A tornado hit certain parts of Metro Manila at around 03:00 PhST. It destroyed several houses and uprooted trees which amounted to ₱1 million. A total of 9 people were injured from the tornado. Five people were killed in Malabon after the tornado collapsed a concrete wall. In Caloocan, three houses were damaged as the tornado blew away roofs. In Quezon City, a concrete wall from a memorial garden collapsed. Debris were scattered next to the North Luzon Expressway. The tornado caused power outages in the area after it toppled electrical posts. After the incident, the Philippine National Red Cross and the Department of Social Welfare and Development began relief operations for tornado victims.

==August==
There were 36 tornadoes confirmed in the US in August.

==September==
There were 31 tornadoes confirmed in the US in September.

=== September 10 (Philippines) ===

A tornado spawned by Typhoon Sarah (Openg) struck San Miguel Naval Communications Station in San Antonio, Zambales where it uprooted trees, toppled power lines, and damaged buildings worth estimating $150,000. It also injured 2 people after a tree struck their vehicle.

==October==
There were 30 tornadoes confirmed in the US in October.

==November==
There were 57 tornadoes confirmed in the US in November.

===November 15–16===

A destructive tornado outbreak affected a large swath of the southern and eastern United States as well as Canada in Mid-November.

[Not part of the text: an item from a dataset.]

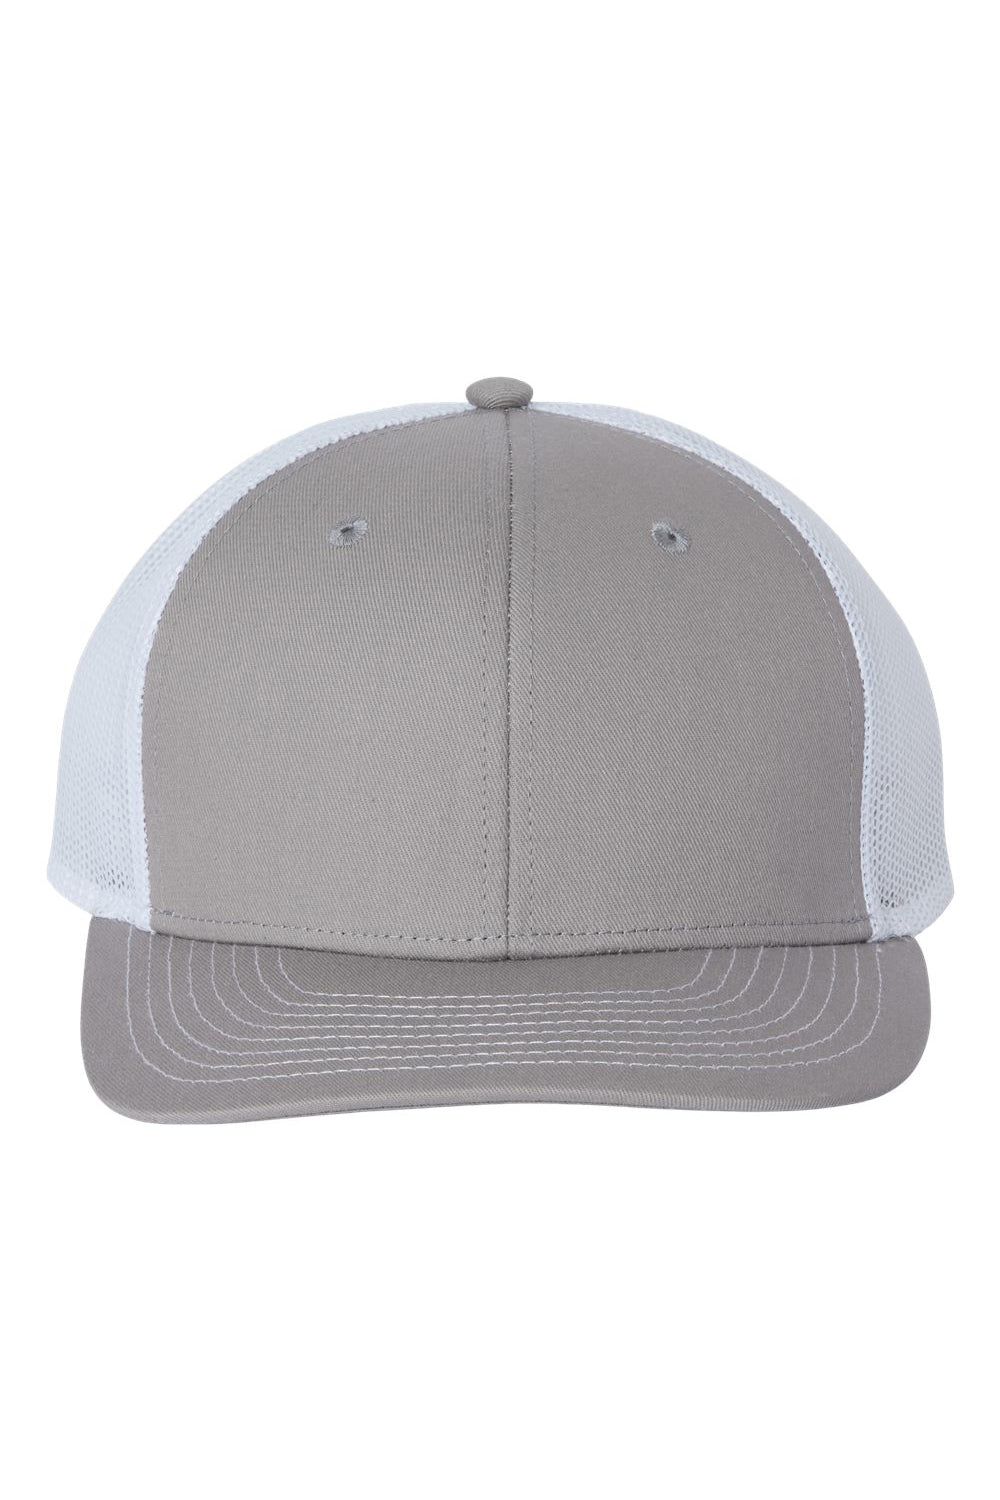 The Game GB452E Mens Everyday Trucker Hat Grey/White Flat Front

It produced at least 40 tornadoes, with 30 deaths coming as a result of two deadly tornadoes. The most devastating tornado occurred in Huntsville, Alabama, when an F4 tornado killed 21 people on the afternoon of the 15th. Twelve of the people killed in Huntsville were in cars. Nine more fatalities were reported at a single elementary school by an F1 tornado on the 16th in Newburgh, New York (although analysis has concluded that this was more likely the result of a downburst). Tornadoes occurred across 15 states and Quebec during the outbreak.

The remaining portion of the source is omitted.